SUPPLIED RECORDS ->
□ □ □ □ □

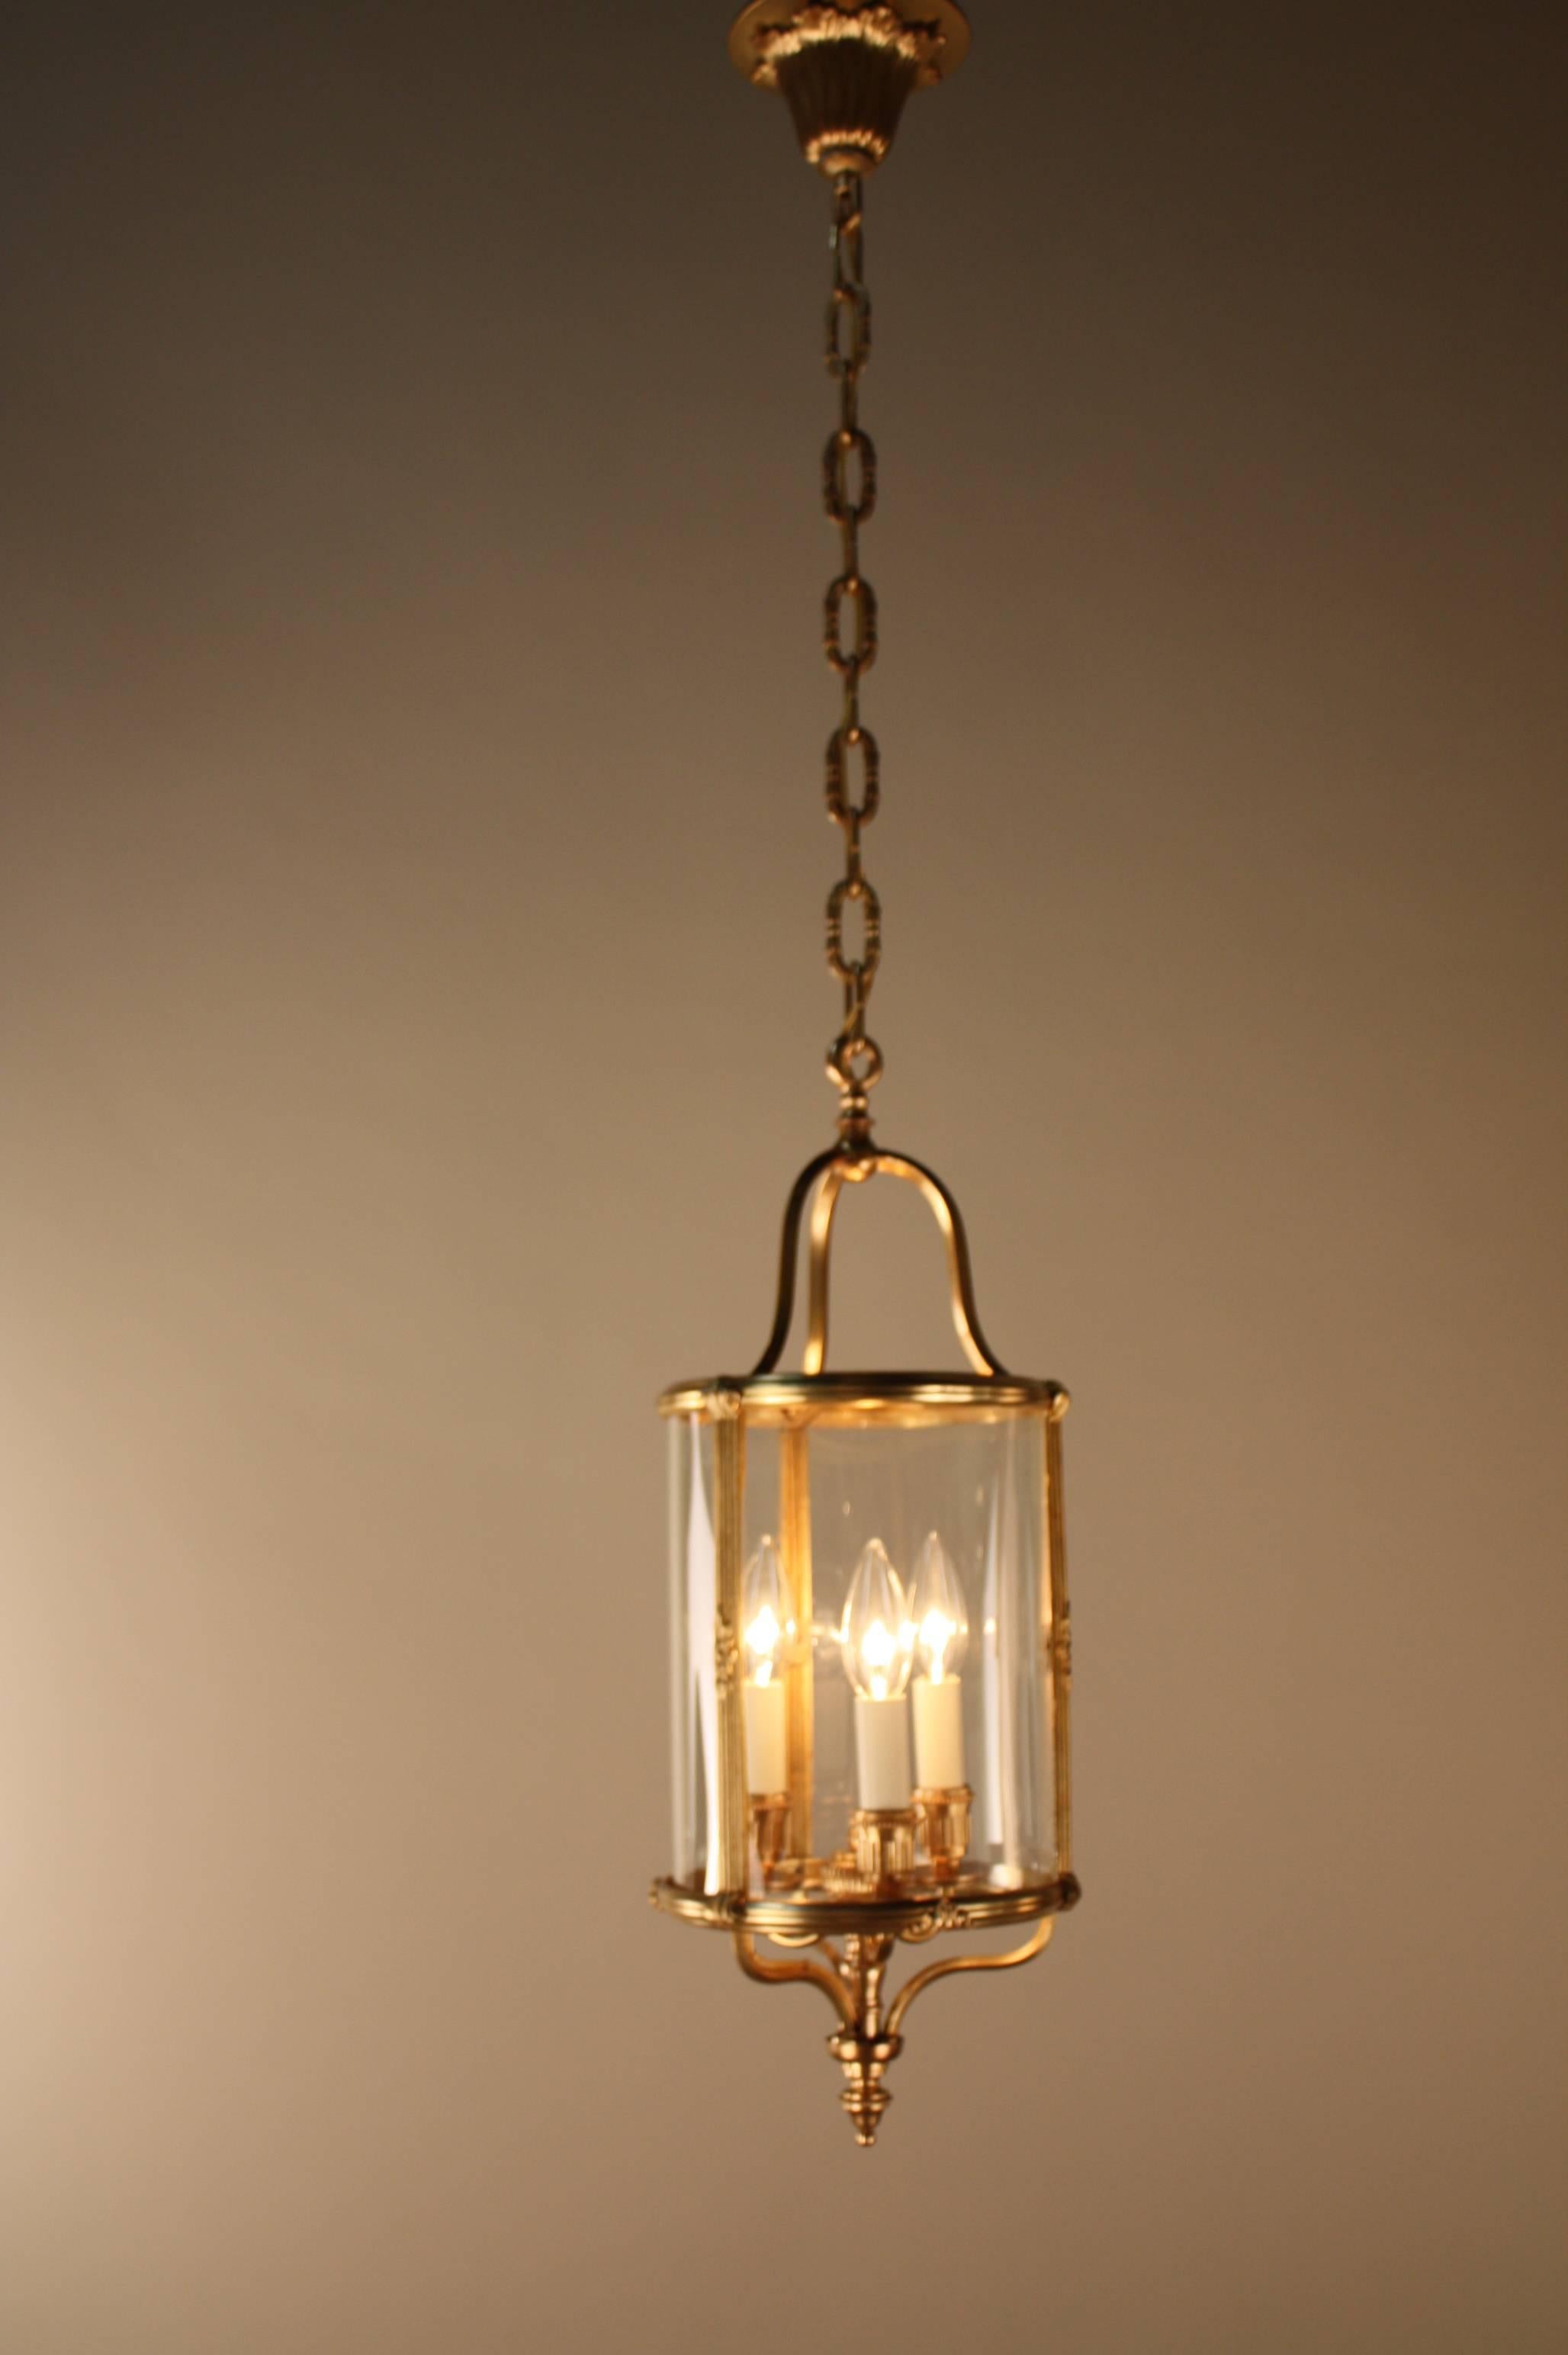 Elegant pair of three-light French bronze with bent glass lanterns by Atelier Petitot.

□ □ □ □ □

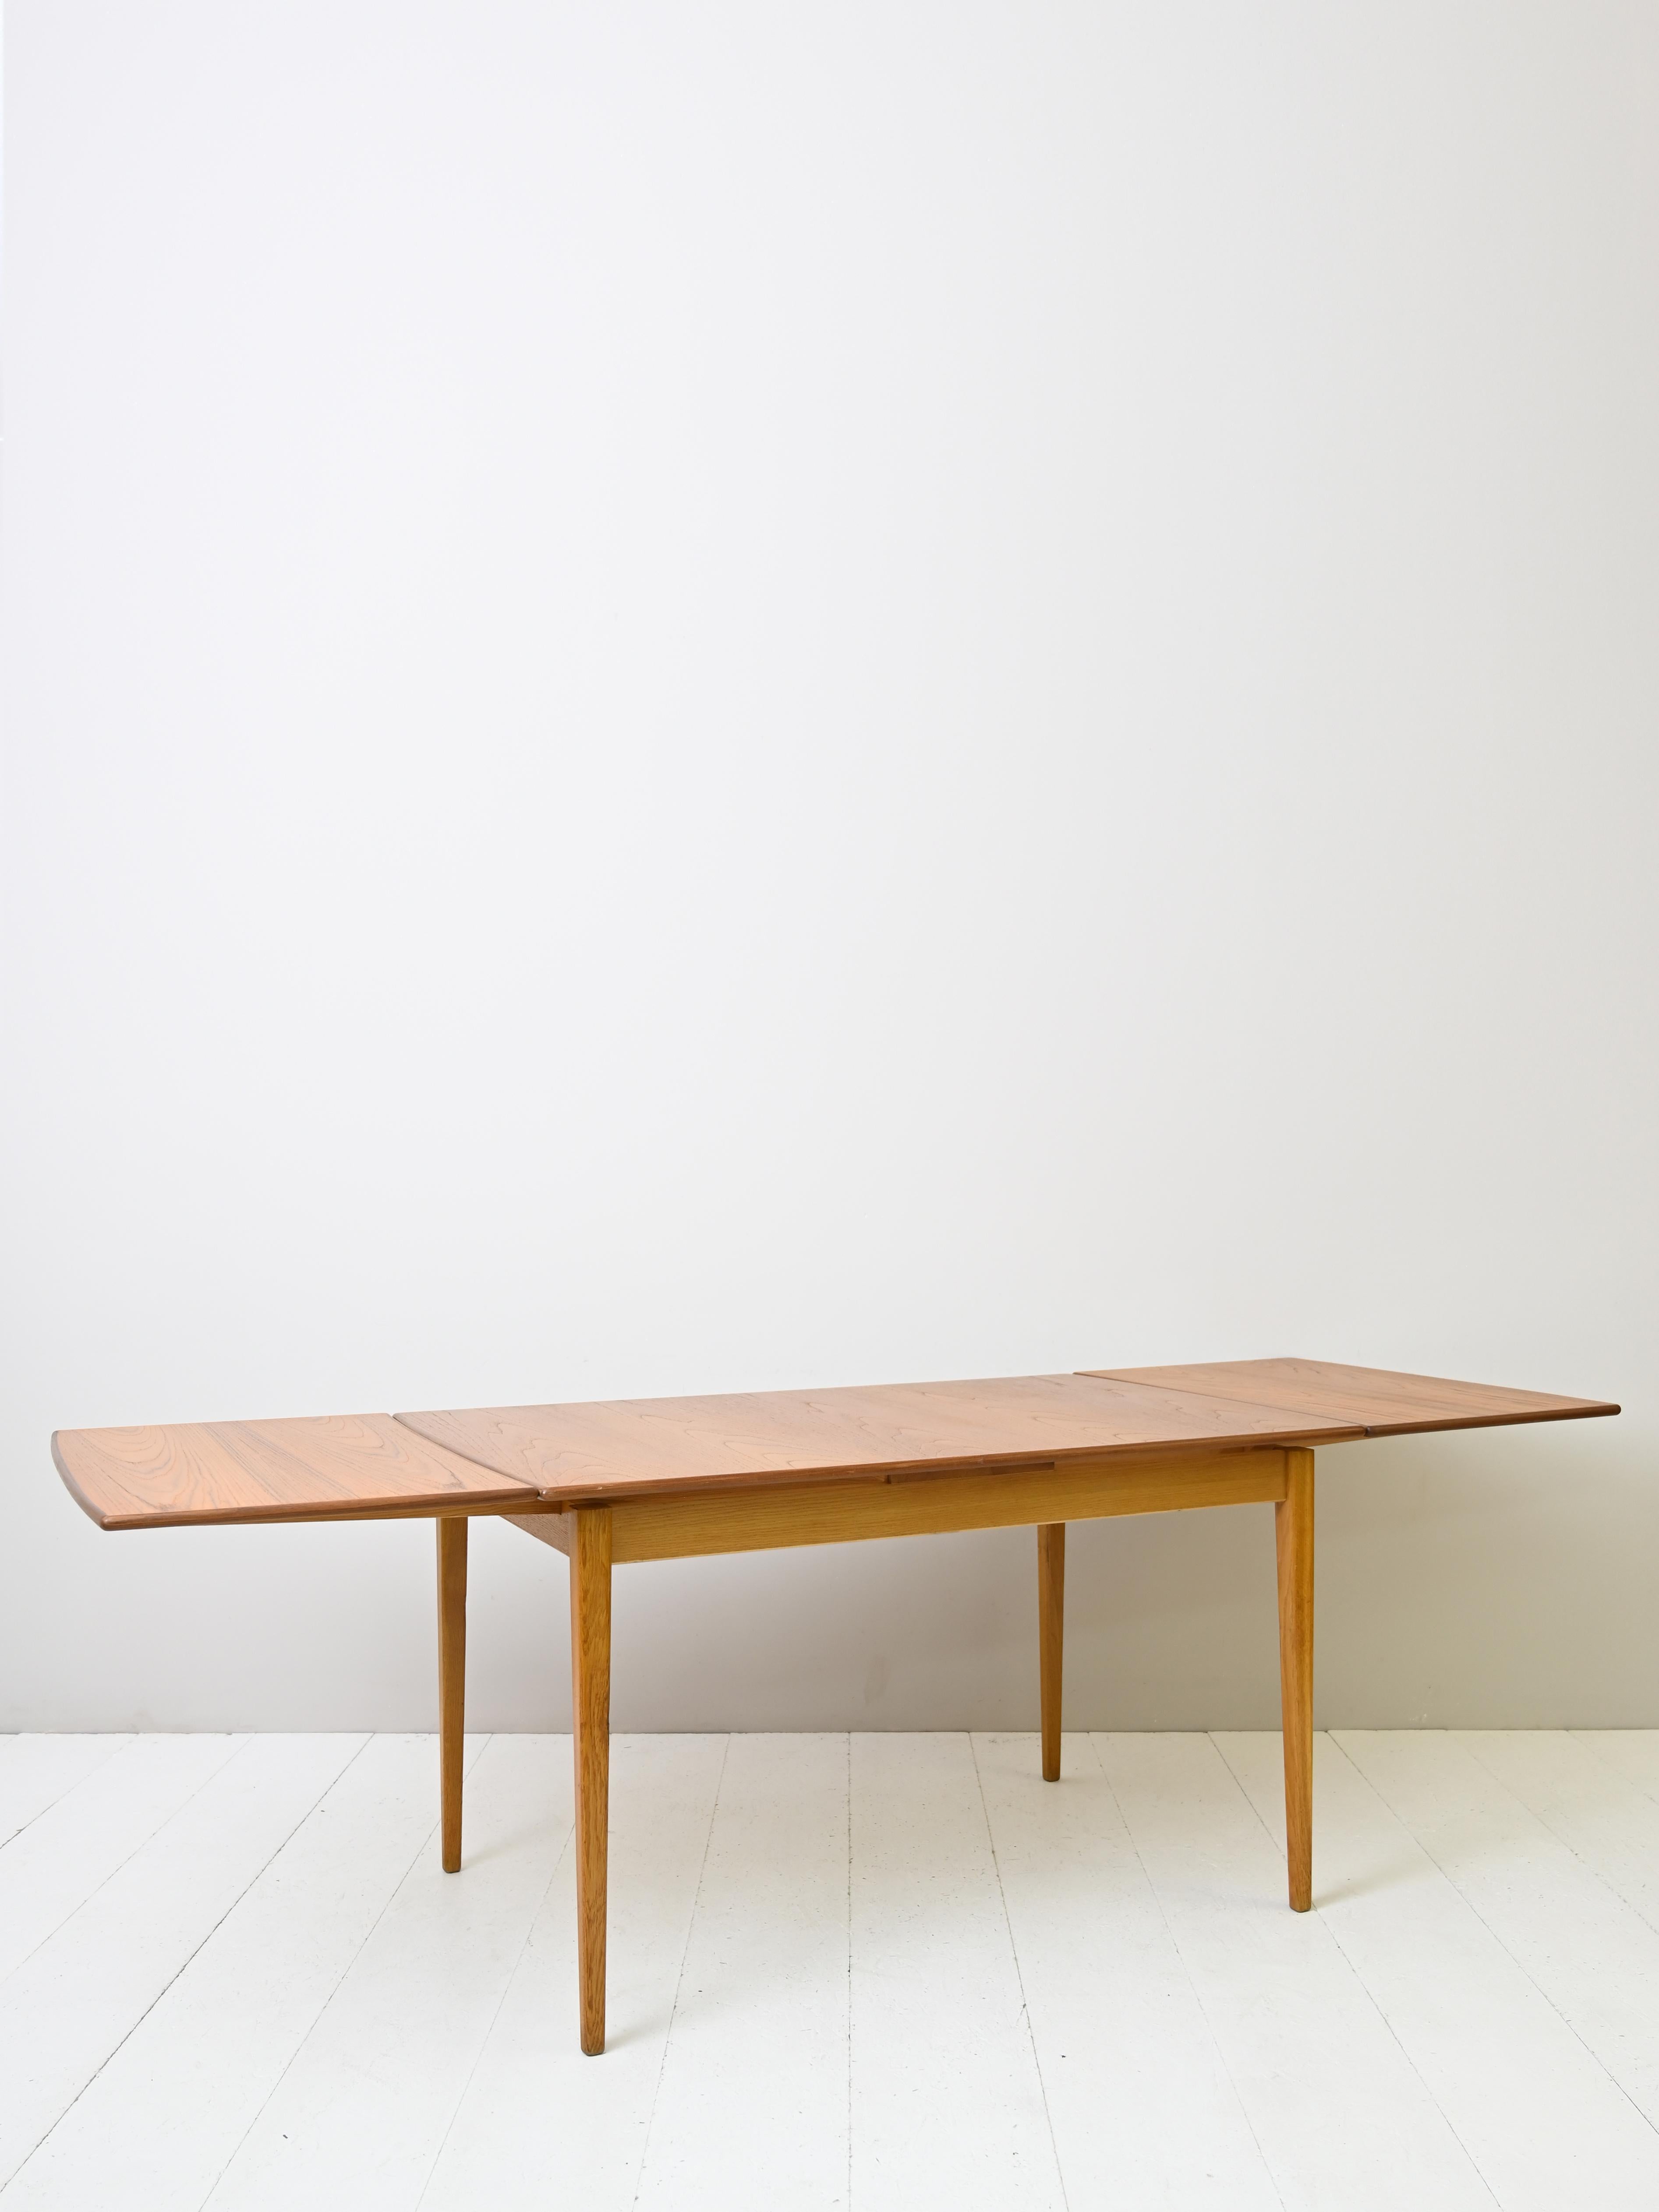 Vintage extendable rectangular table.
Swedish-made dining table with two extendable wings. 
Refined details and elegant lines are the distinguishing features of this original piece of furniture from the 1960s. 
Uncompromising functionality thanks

□ □ □ □ □

Which lines above run from the one containing "Swedish-made dining table" to the one containing "Uncompromising functionality thanks"? Give them again exactly, both ends included.

Swedish-made dining table with two extendable wings. 
Refined details and elegant lines are the distinguishing features of this original piece of furniture from the 1960s. 
Uncompromising functionality thanks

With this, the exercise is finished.